Inizia l'estate, il tempo non regala giornate stupende (soprattutto al Nord) e così metà Paese si ritrova a trascorrere i propri pomeriggi nei Centri commerciali. C'erano una volta gite fuori porta e negozi di vicinato...

Torino
02:32 del 16/07/2014
Scritto da Albertone

C'erano una volta le gite fuori porta, viaggi di famiglia su una macchina sempre troppo stretta e scomoda per ospitare mamma, papà e figli.
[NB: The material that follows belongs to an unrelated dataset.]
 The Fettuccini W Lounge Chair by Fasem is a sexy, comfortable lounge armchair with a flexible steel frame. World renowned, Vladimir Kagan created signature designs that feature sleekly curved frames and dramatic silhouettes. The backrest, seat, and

La meta era di volta in volta diversa, una destinazione che poteva essere ludica, culturale o commerciale. Si girava a caccia di vestiti, di posti belli da visitare, di parchi in cui poter trascorrere le giornate immersi nel verde e nel divertimento. Posti, sia chiaro, che costavano praticamente nulla e garantivano ricordi inossidabili nel tempo. Poi è venuta l'era dello "sfarzo", dal castello fatato da ammirare nelle sue stanze più segrete ai parchi acquatici passando per i centri commerciali. E qui sta il nodo, il problema vero di un'Italia che fatica ad emergere dalle sabbie mobili della quotidianità.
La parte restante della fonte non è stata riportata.